Sequence number breaks in FIX sessions seem to terrify most people. This is understandable: all of a sudden, a perfectly decent connection refuses to come up. What’s worse, if you get it wrong whilst fixing it, you run the risk of trashing data. However, not understanding them is dangerous. For one thing, without understanding them, it’s unlikely you’ll be able to prevent them. Worse, even if you never take a system down during trading hours, it could still crash.
Anyone who deals with a fix system should know how to resolve a sequence number mismatch. I recommend practicing on a test system, though.
A Refresher on How Fix Works
Let’s say that Alice is sending Bob messages. Since they don’t want to miss a message, they label every message with a sequence number. If Bob gets a sequence number that’s too high, he just sends Alice a request to resend the messages.
Now, breaks occur when systems recover from an outage. When they start off again, Alice and Bob send each other where they think they’re up to. If Bob gets a sequence number that’s too low, he gets worried. Alice seems to have forgotten she’s sent some messages. Bob now doesn’t trust Alice and refuses to talk to her until she gets her head together. That’s a sequence break.
So, here’s what can happen
- Counterpart sequence number too high: Bob hasn’t received enough, so the connection comes up and he asks for a resend.
- Counterpart sequence number correct: Bob has received exactly the right number, so the connection comes up and there’s no problems.
- Counterpart sequence number too low: Alice has forgotten something.
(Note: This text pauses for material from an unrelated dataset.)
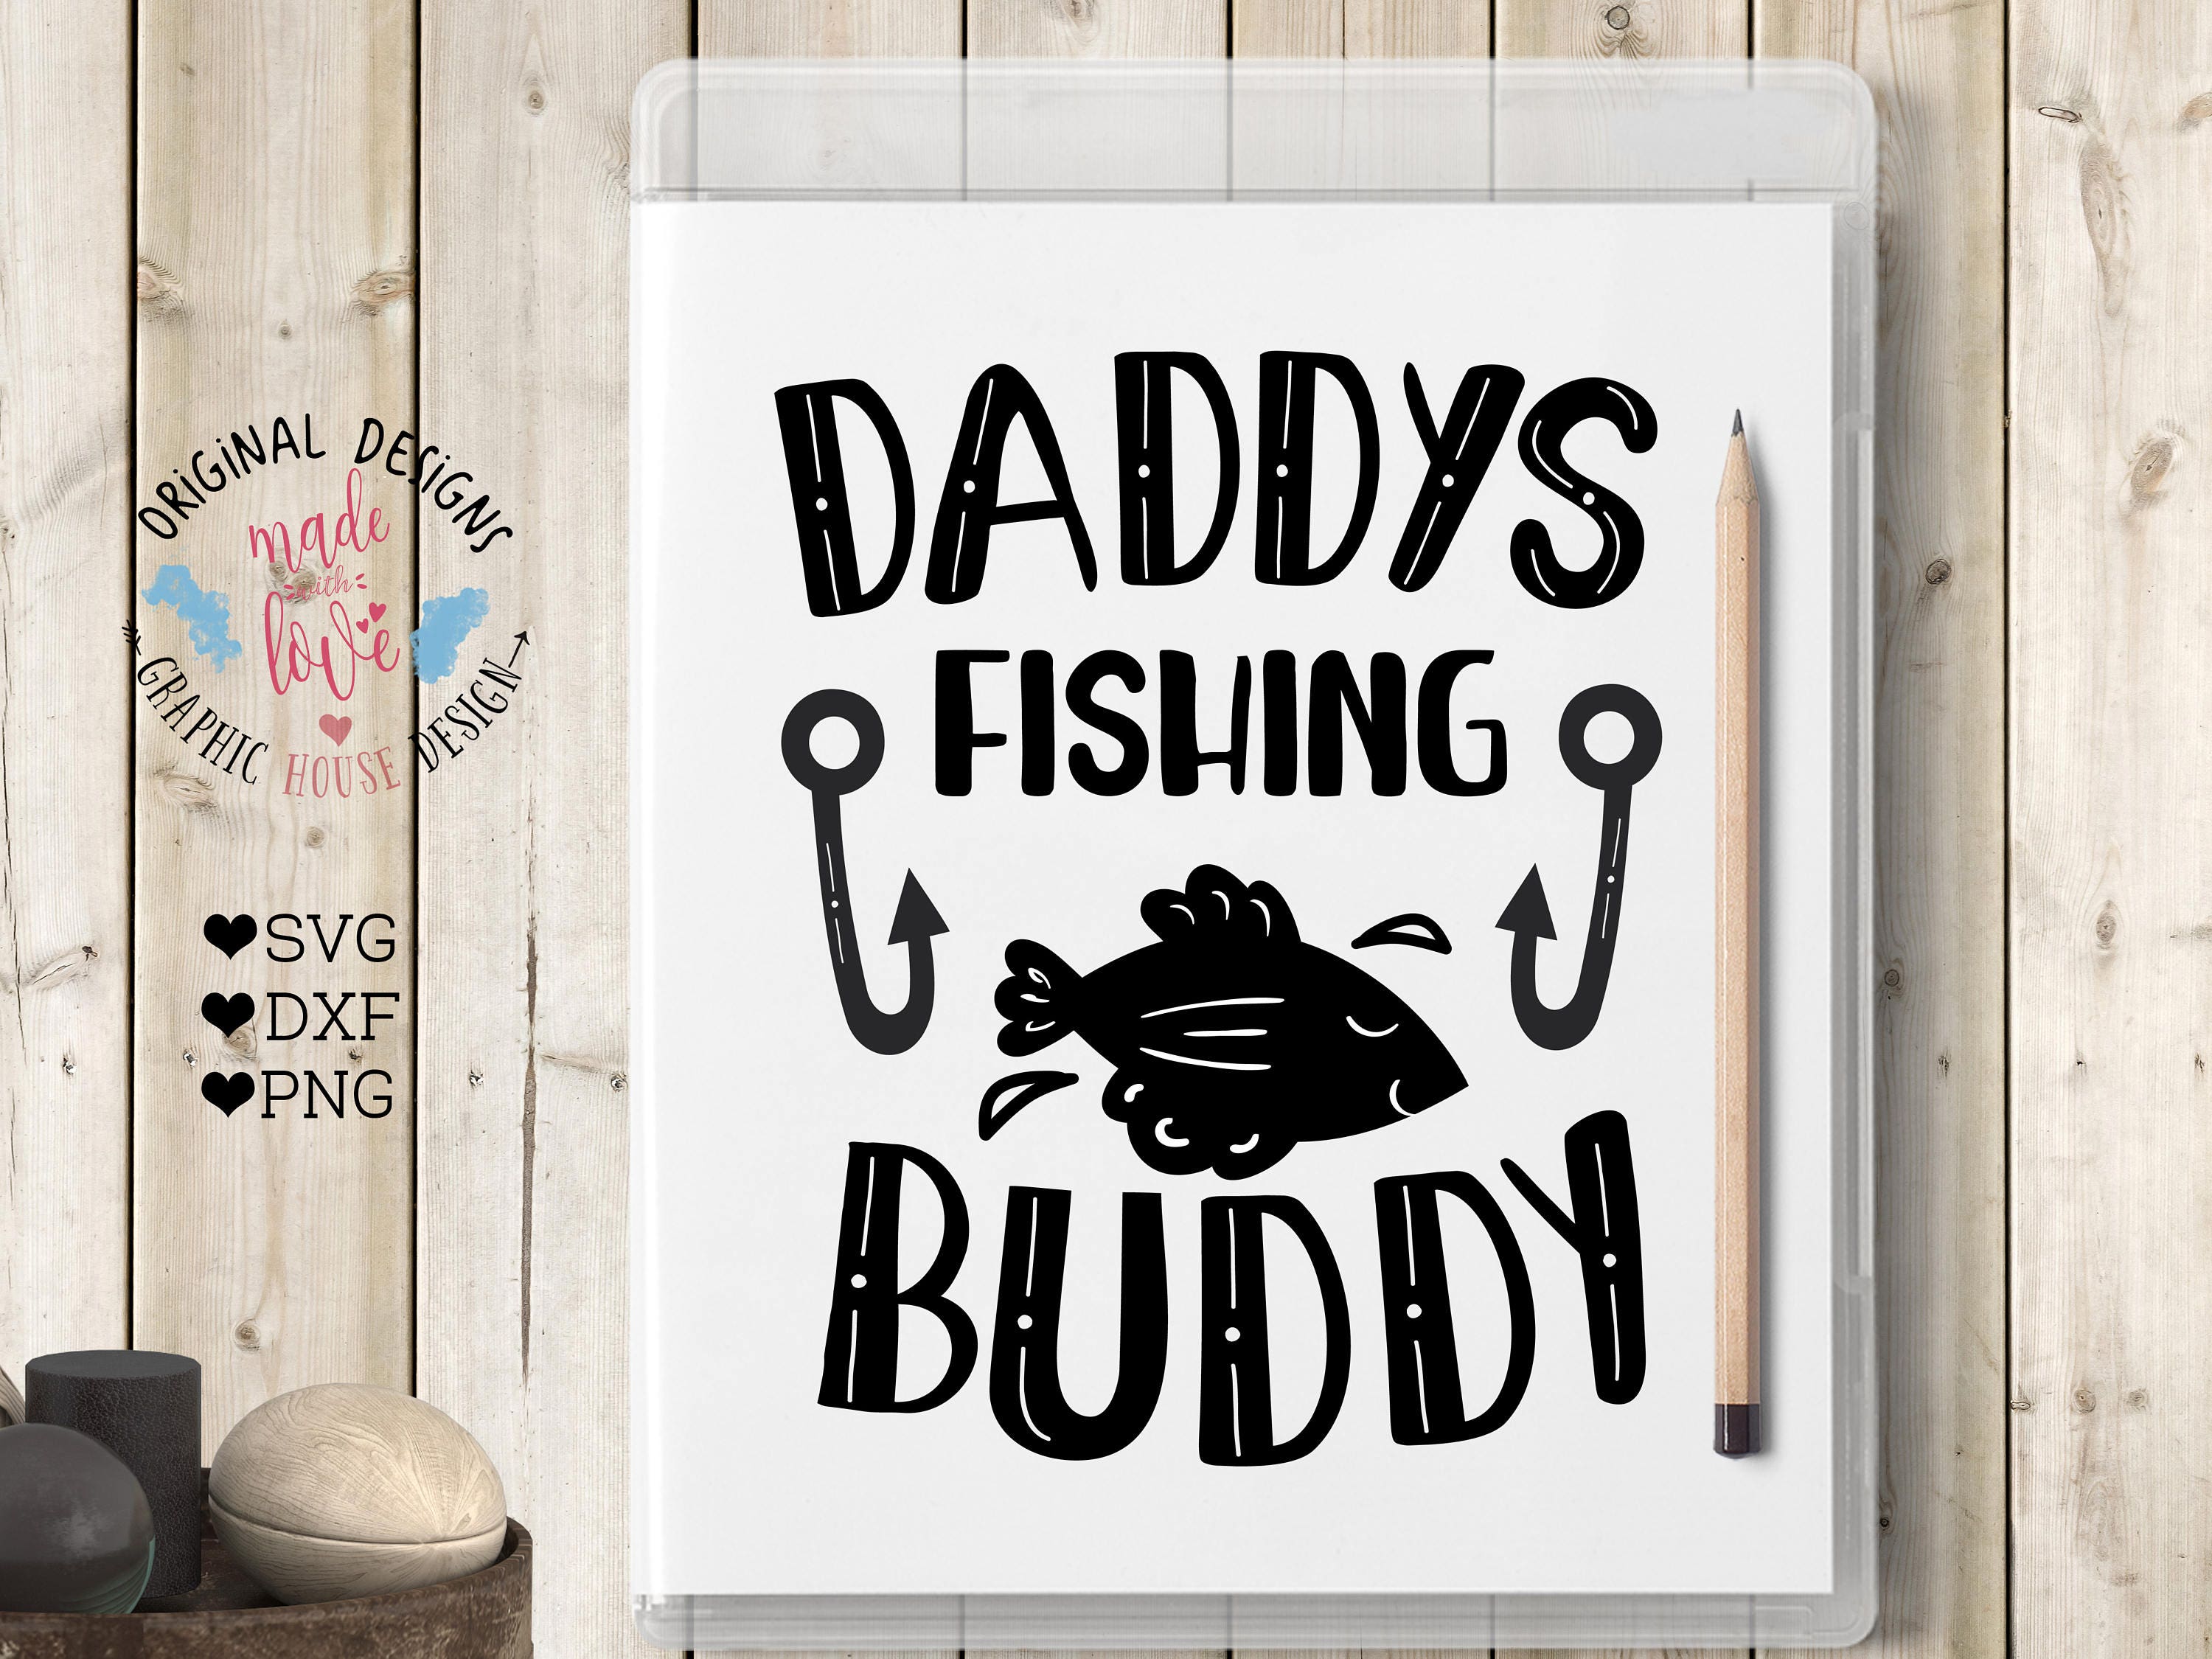 Download svg files daddy svg daddy's fishing buddy boy svg kids

Connection doesn’t come up.
When a connection doesn’t come up, it’s important to figure out exactly why the sender has lost information. In practice, however, the most common cause is that someone’s forgotten a heartbeat message. QuickFix sometimes does this on shutdown.
QuickFix Specific Stuff
If you open up the QuickFix sequence numbers file (your service has to be off to open it) you’ll see two numbers. On the left is the current sequence numbers for messages you’ve sent. On the right, messages you’ve received. Bear in mind that the numbers are the other way around for your counterpart. If you forget this, your connection may come up, but you’ll wish it hadn’t. All you need to do is to mutually agree a pair of numbers.
Bear in mind that Alice and Bob are in fact indulging in two-way communication. The QuickFix logs for your side may show a resend request followed by a logout. In those circumstances, your counterpart is probably seeing a bad sequence number on his side, which means you’re the guy who’s forgotten how much he’s sent.
Whatever number you decide upon, check the main message log for what you’re about to replay. This will usually just be heartbeats. If it isn’t, you’ve got a reliability problem.
So, here’s the quick guide:
- On the left (sent), at least as high as the other guy thinks he’s received.
- On the right (received), lower or equal to what the other guy thinks he’s sent.
If you’re running QuickFix on both sides, you can always just email the file across and swap the numbers round.
Deep Hacking
You can actually say you’ve sent more messages than you think you have. This can get you out of trouble, but it will completely snarf you if someone then asks for a replay. Thankfully, most don’t ask for a replay unless they lose messages.